Danny Hutson

8 thoughts on “The Cost of Freedom: How Disagreement Makes Us Civil (Robert George, Cornel West, Rick Warren)

  1. Very frustrated that this is largely a soup of metaphor and generality: much hand-holding, well wishing, and poetic manoeuvring around hope, faith, love, optimism, secularism, integrity, power, vessels, Shakespeare, Bible, rationality, truth and so on with prudential "majestic words".

    They gave an explicit definition of what Christian Love is – but no concrete follow-up on what to do with or about it. Perhaps the closest to an objective act is Cornel's endorsement of letting marginal people have a voice, but this is still quite vague (also eliminate ISIL and abortion).

    What does "radical freedom in love" do five minutes after one leaves the conference hall? I'm glad that love is active, but active how, when, to whom, in what degree?

    I also don't see over what these two disagree.

  2. There are thought to be 2 Christian worlds. If you draw a diagonal line from the tip of Western Africa (Morocco) through southeastern Europe and on up through Russia. Everything to the east of this line represents where Christianity has generally been persecuted (costly Christianity). everything to the west has generally been non persecuted Christianity (safe Christianity), only then can you begin to see the real problem and enormous threat of multiculturalism.
    There is a concerted and unignorable effort to move this diagonal line in a westward expansion, and hardly anyone is addressing it. The line will be eliminated one day but problem will NOT be solved with radical love, not unless it comes from the hand of god himself and not before Christianity is delivered into the hands of the enemy.

  3. Viewer Discretion mentioned "…I spent two hours watching this and it's just a couple of guys on a stage being effusive, vague and convivial." This is true. A fascinating thing about the orbit of the New Testament, in terms of it's content (even if someone relegates it to un or trans historical) and engages in complex literary analysis to explain away the earthiness of it, you never find it's author's loving "categories" of politically designated and determined individuals. Though, of course, categories do pop up eg. Barbarian, Scythian etc.. Colossians 3:11. But these categories, when the author's mention them, are NEVER evocative to elicit empathy, sympathy or compassion – – ever. You see, that's the problem with brother Cornell's rhetoric: it uses Biblical terms and phrases from which to catapult into a sociological-driven ie. evidence, to re-interpret what was always and at all times Biblically a proclivity of humans to doubt, distort and diverge away from that which our Creator designed. Hence, when Christ came he sought not to "awaken" dormant virtues nor cultivate a corrupted culture. BUT rather, as Ephesians says, "His purpose was to create one new humanity out of the two, thus making peace." [2:15b] These two men optically by their discussion, (I am not exegeting their hearts) have reduced the "mystery" Ephesians and Colossians talks about, of a historical death effect and affecting a historical condition of alienated and estranged people FROM God, into a symbolic metaphor for the type or sort of life one mediating on the "Christ event" should and is expected to live. But reverentially, (to the speakers it seems) all notions and opinions are merely culturally conditioned preferences (even emotionally charged ones!) that amount to humanities way of coping with a cold and cruel world. Christ Jesus converts rather than merely comforts. His Cross restores rather than rearranges. His resurrection vindicates what all other religions equivocate, to mediate and re-create that which sin sought to abdicate and obfuscate.

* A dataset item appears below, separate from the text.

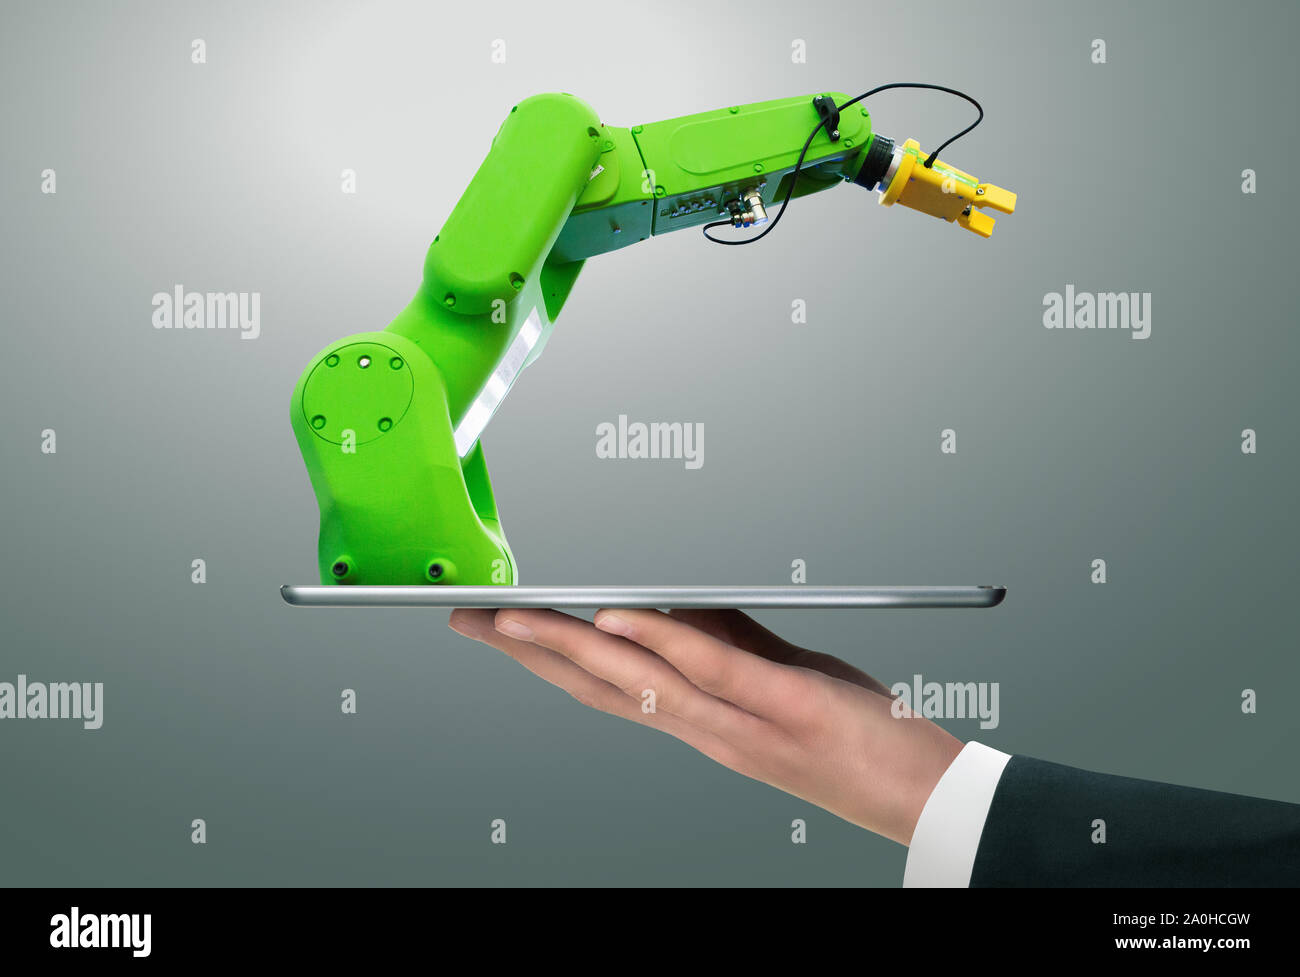 Hombre sujetando una tableta digital con robot de manipulación con brazo robótico. Foto de stock

  4. The word "reverentially" should read "referentially" with an "f" not a "v". Meaning: their (speakers) concept of what constitutes objective reality is bound within the lookers inner set of experiences, rather than received from without ie. a revelation.

  5. So much in here is comment worthy. The defense of the Indiana religious ideology protection law is a misrepresentation at best a lie at worst. Sure it was a good bill if you were a Christian who's values were discriminatory.

    Looking at what was going on across America at the time of this legislation in the treatment of the LGBTQ community by the religious right. The fact that religious freedom is already fully protected under the constitution. Looking truthfully at this anyone can see that the results of this bill were intended to be even though religious people like the one defending it here work hard to deny its intent.

    If religious freedom trumps other law than it not only permissible to discriminate but most religious documents have rules spelled out for the faithful allowing and justifying slavery, killing other humans, abuse both child and domestic, the subjugation of women & children, etc.

    Any law creating a tired society where one group is guaranteed preferential treatment and defense is wrong.